Description

Join Cambridge Visual Culture to celebrate the publication of a new edition of Saborami with Chilean artist and poet Cecilia Vicuña.

Cecilia Vicuña created Saborami in the aftermath of the September 1973 military coup in Chile. Combining poetry, journal entries, documentation of artworks including assemblages and paintings, the book was first published in Devon, England in an edition of 250 hand-made copies by the artist-led Beau Geste Press. It was one of the first artistic responses to the violence of the military junta.

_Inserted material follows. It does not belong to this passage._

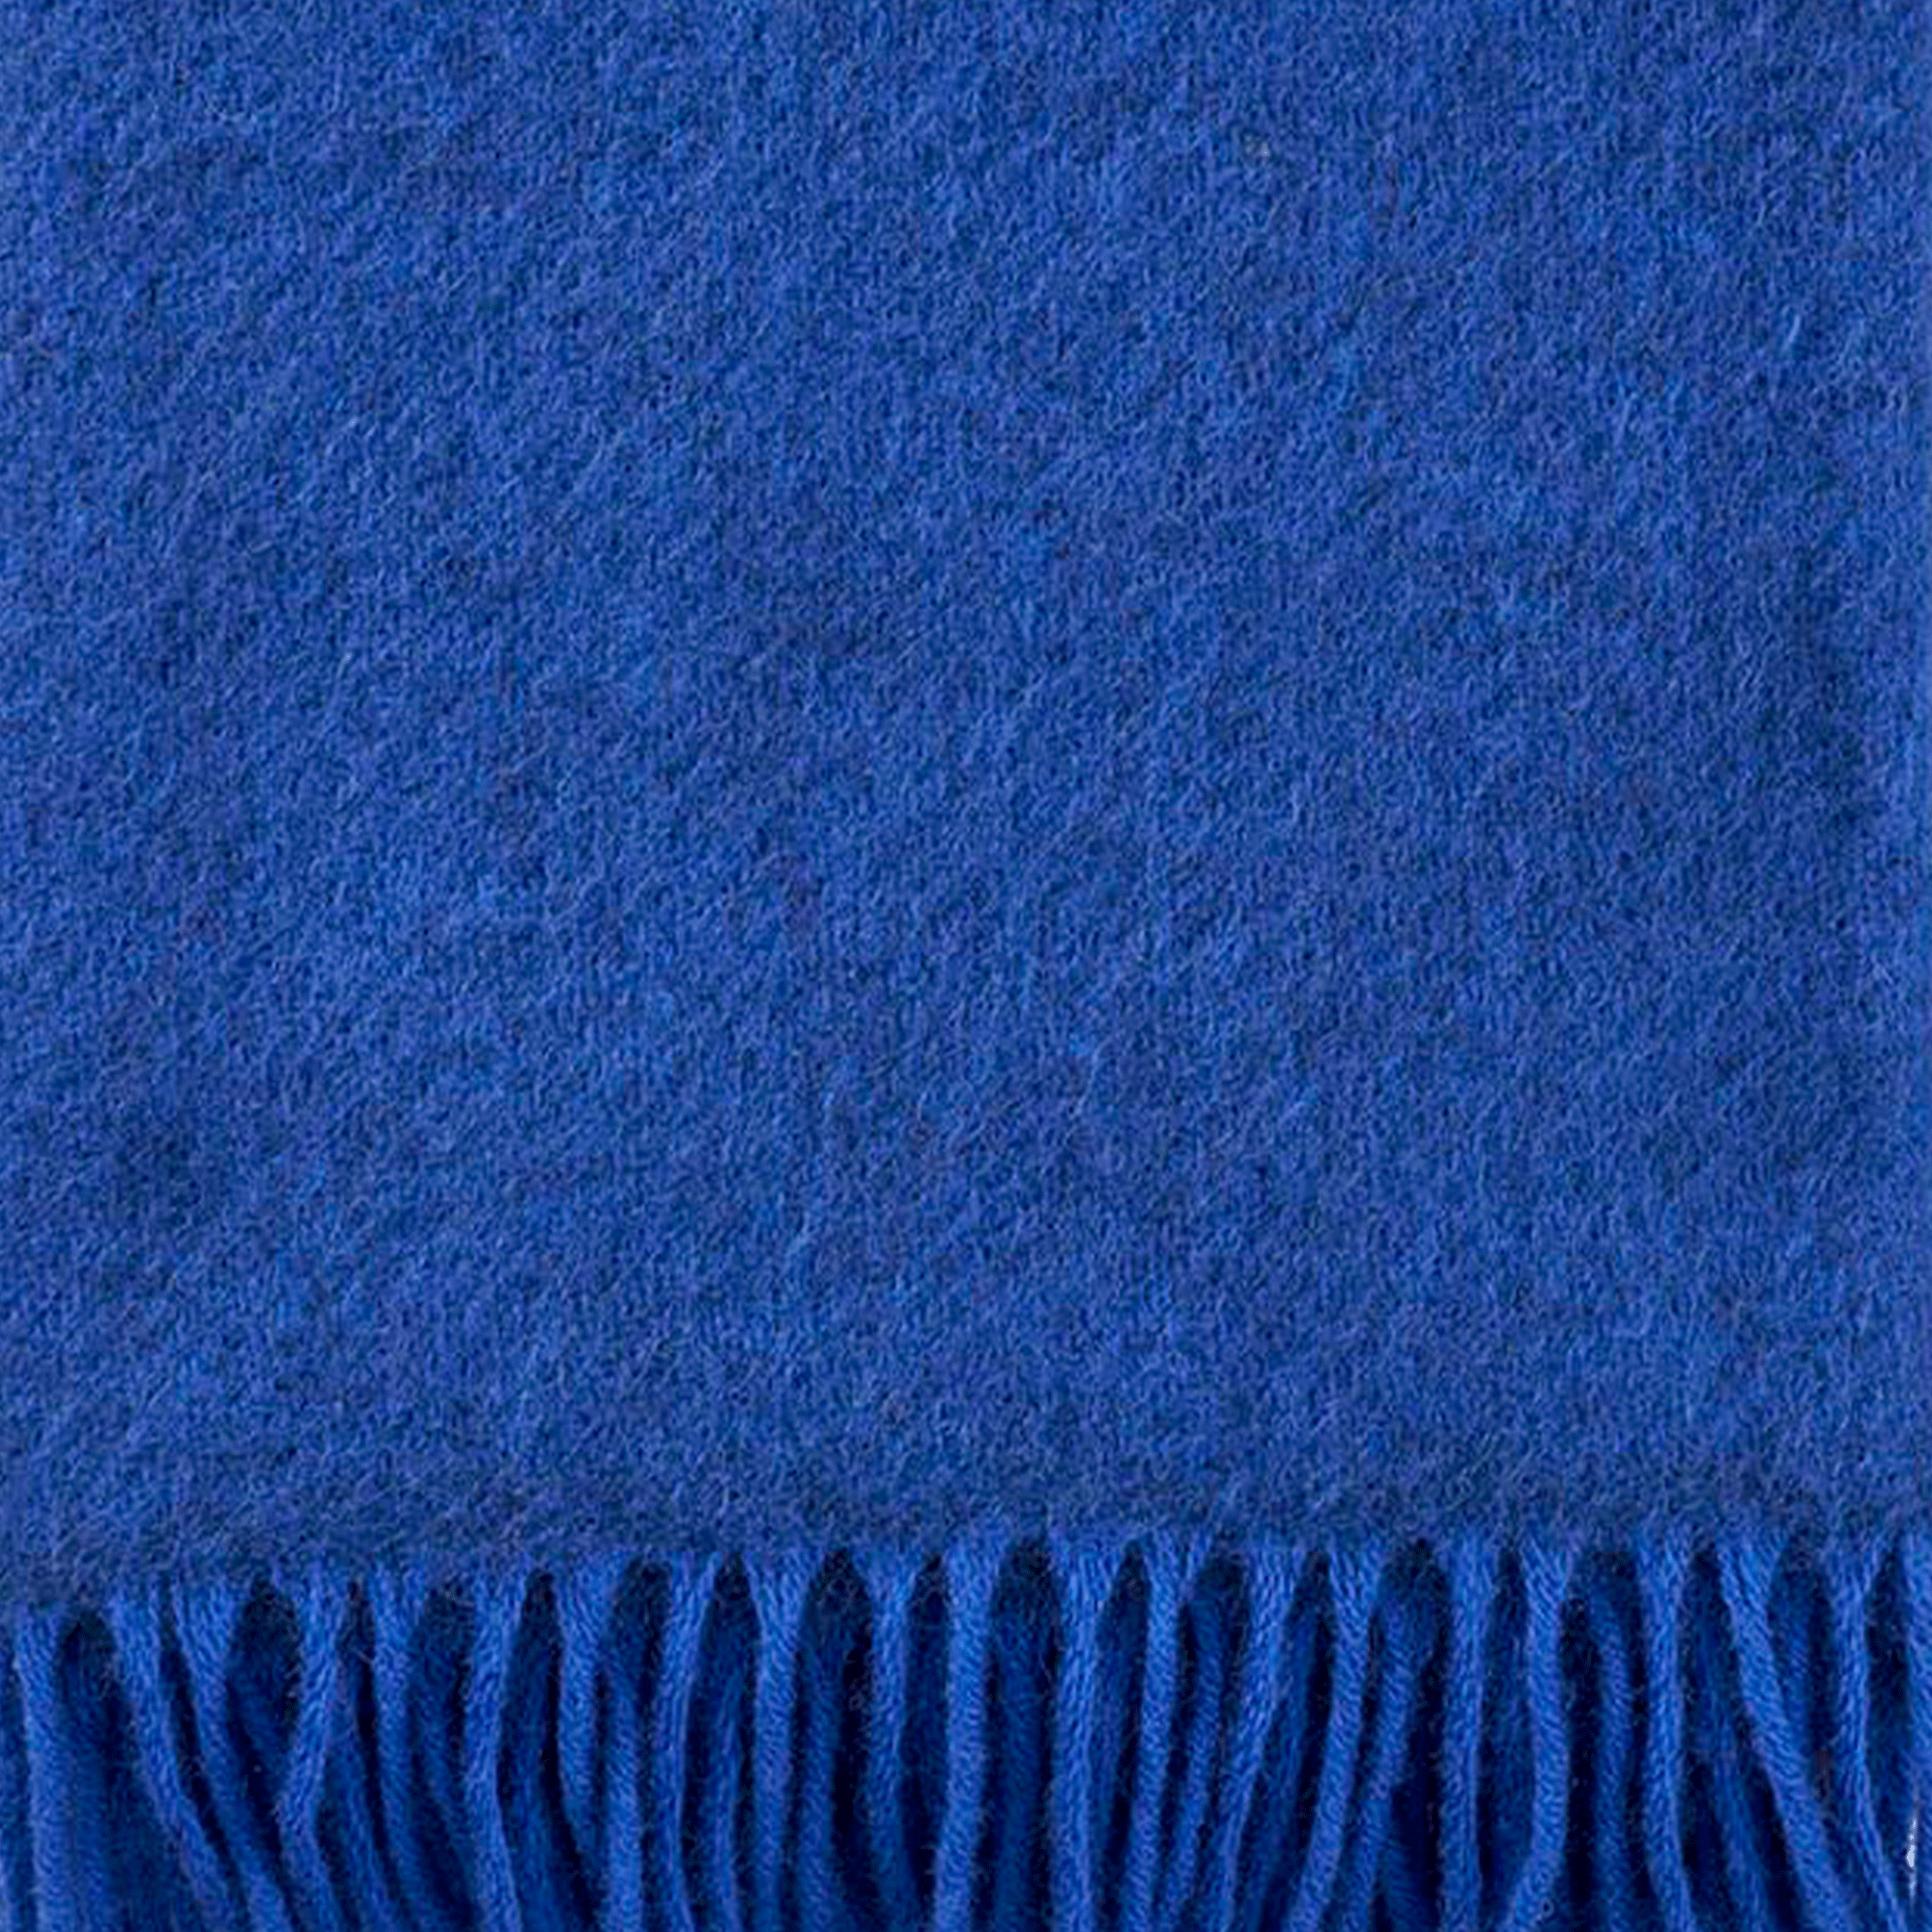 Gotland Blue 130x200cm Brushed Wool Throw

Coinciding with the fiftieth anniversary of the book’s original publication and of the coup in Chile, an expanded edition published by Book Works contains a new introduction by art historian and curator Amy Tobin and poet and writer Luke Roberts. It includes rarely seen archival material from Vicuña’s time in London, such as contributions to the feminist newspaper Spare Rib, commentary from BBC coverage, and her role in Artists for Democracy in Chile and other solidarity campaigns.

Cecilia Vicuña is an internationally renowned visual artist and poet. Born in Chile in 1948, she lived in England between 1972 and 1975. After a period in Bogota, Colombia, she settled in New York City, where she lives and works today. Her New and Selected Poems were published by Kelsey Street in 2018. At the Venice Biennale in 2022 she won the Golden Lion award for Lifetime Achievement.

In collaboration with the Cambridge Modern and Contemporary Art Seminar Series.